Otherwise there are some nice listings, such as at (I really should use that one too), du (actually not that hidden, but its probably underrated and people install lot of tools doing same instead) or yes (useful for certain automation, where you know the answer is to proceed). A solid list, but a little bit short and with a few questionable entries.

[–] kbal@fedia.io 4 points 1 week ago (1 children)

There's someone out there to whom the existence of ping -i 30 is news.

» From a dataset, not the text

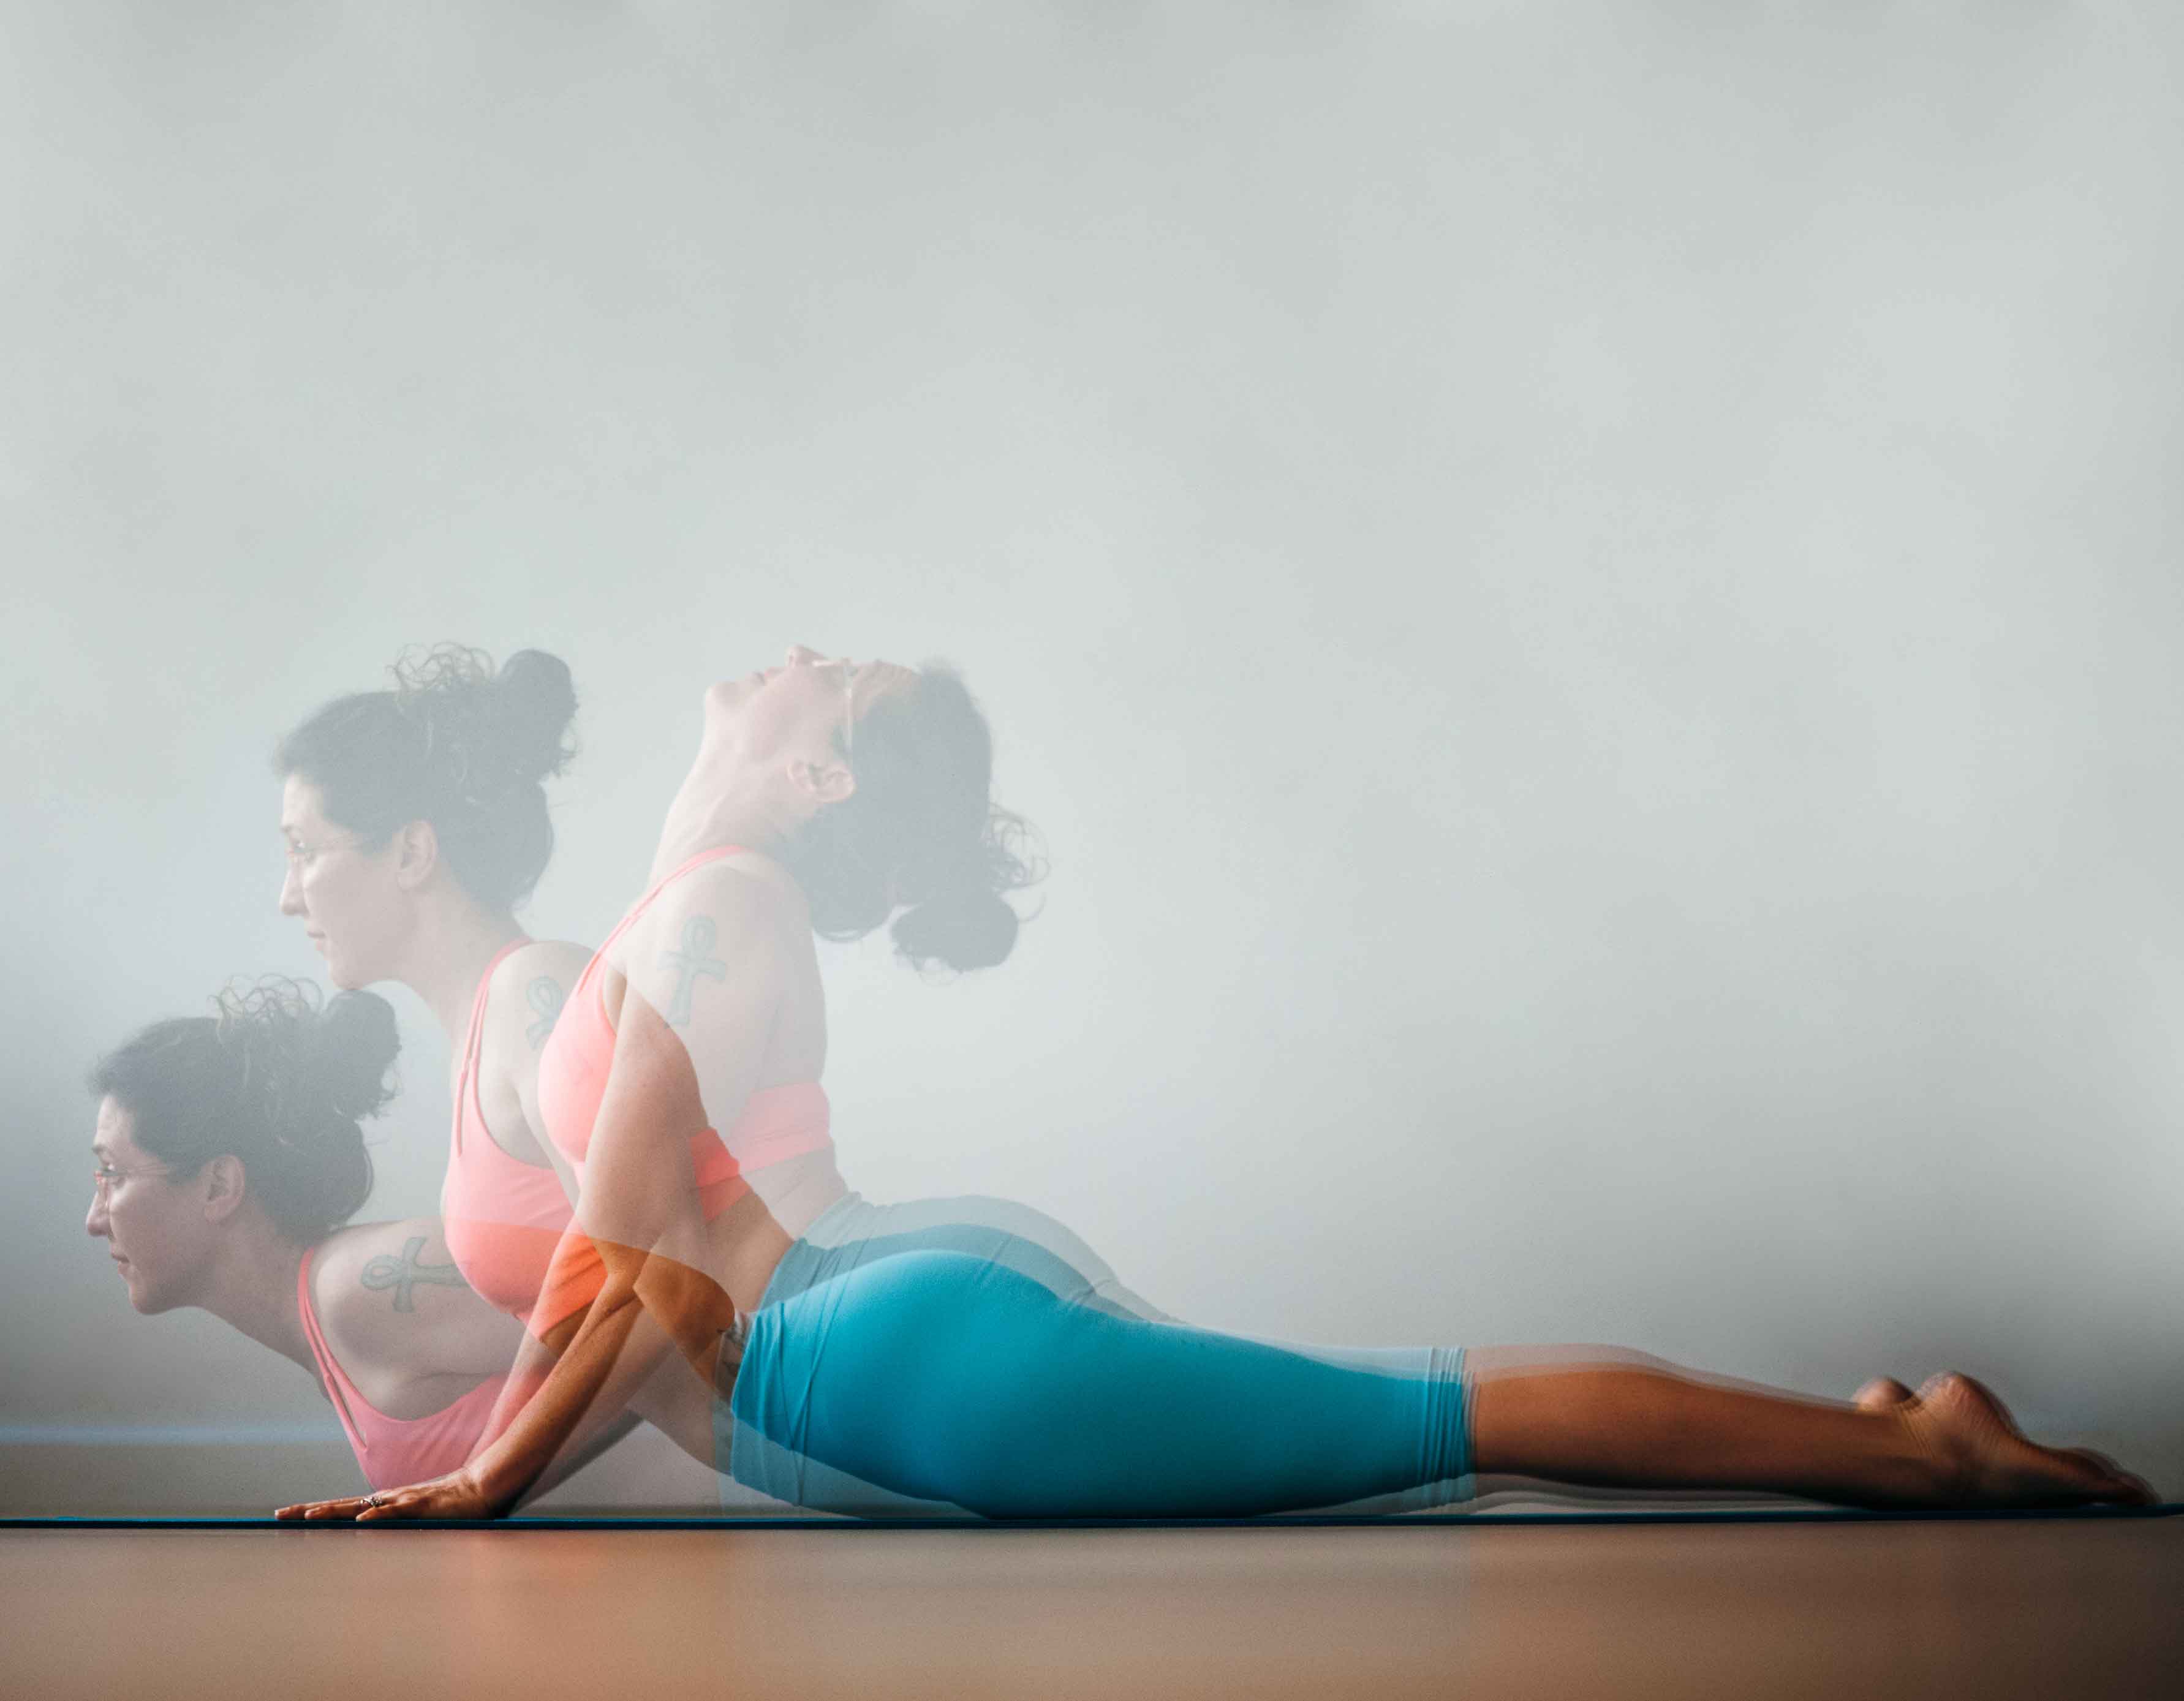 Bhujangasana | Cobra Yoga Pose | Steps | Benefits | Yogic Fitness - YouTube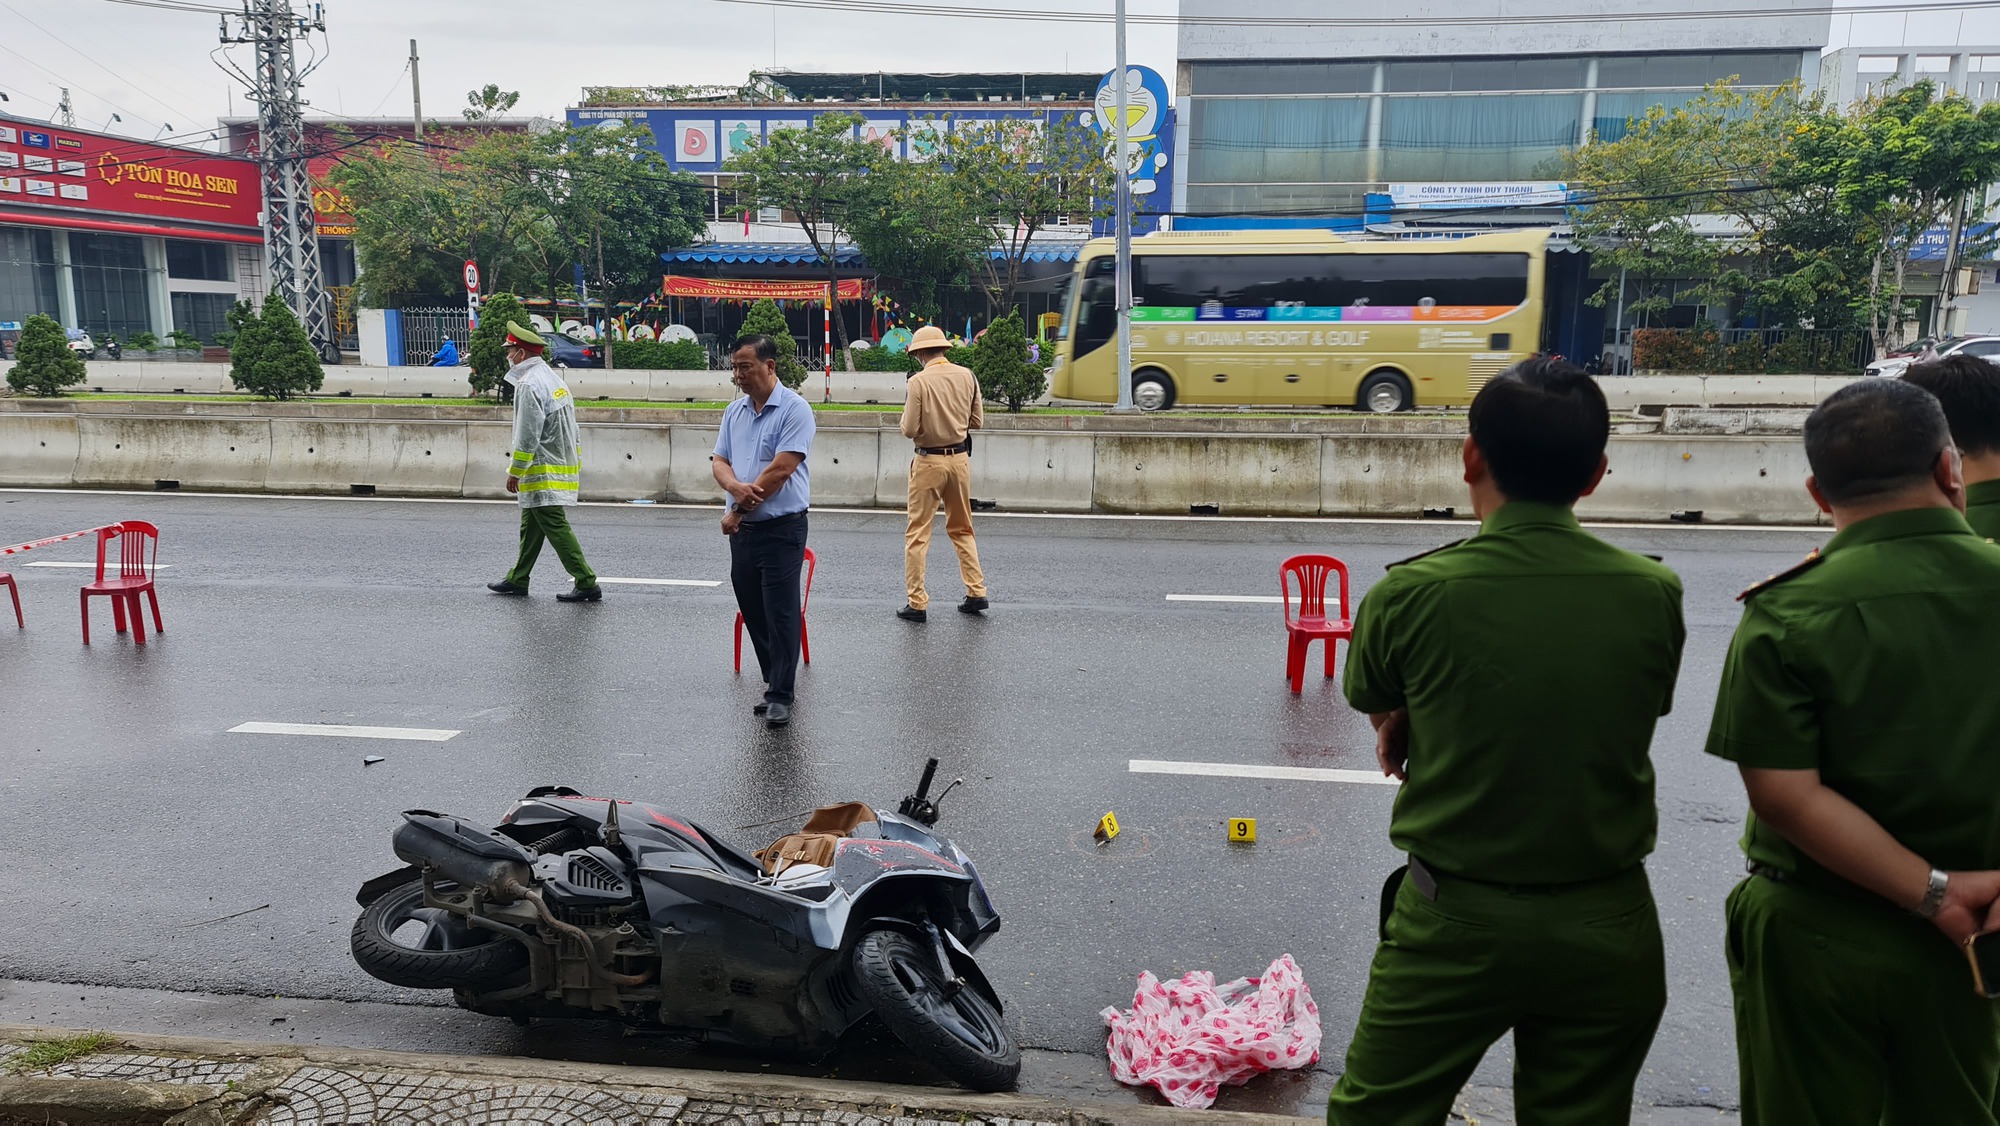 NÓNG: Cướp ngân hàng tại Đà Nẵng, 1 bảo vệ bị thương rất nặng - Ảnh 5.

The idea of using >file instead of touch file — or cp /dev/null file if it already exists — is new to me, though it doesn't seem all that useful.

[–] caseyweederman@lemmy.ca 2 points 1 week ago

I've been doing echo "" > file
Useless Use of Echo I guess.

[–] kbal@fedia.io 5 points 1 week ago (1 children)

du -sh * | sort -h is a thing I type frequently.

[–] TwilightKiddy@programming.dev 3 points 1 week ago (1 children)

Yea, I love du -hd 1 | sort -h when cleaning up. I absolutely love that I don't need any extra software to quickly locate whatever takes up space. I can do this on any machine without installing anything extra.

[–] caseyweederman@lemmy.ca 1 points 1 week ago (1 children)
[–] TwilightKiddy@programming.dev 2 points 1 week ago

That's a completely different tool, though, no? I just do this for determining when I need to clean up:

df -hx tmpfs

Gives me enough information for this purpose and, again, does not require any additional software, df is part of coreutils.

[–] sxan@midwest.social 4 points 1 week ago

Mine you, this page is clearly targeted at an audience who've never opened a shell before; they're all quite common, and it's almost impossible to have spent any time in bash, zsh, or any bash-ish shell without encountering or using these. Also, a couple are not going to work at all in non-standard shells like fish, nushell, or even more common shells like ash, BusyBox, or the venerable csh, because they're bash built-ins. There's dependency on the GNU toolset, too; some of these commands won't work on FreeBSD, even when running bash, because the SysV tools have different argument lists.

[–] Eyedust@lemmy.dbzer0.com 4 points 1 week ago

Just thinking of commands I need to learn, and I think chroot is up there. Iirc, you can recover from some extremely bad system states with an ISO and chroot.

I understand the basics of what it does from it's description, I just haven't really dived deep enough to feel comfortable with it.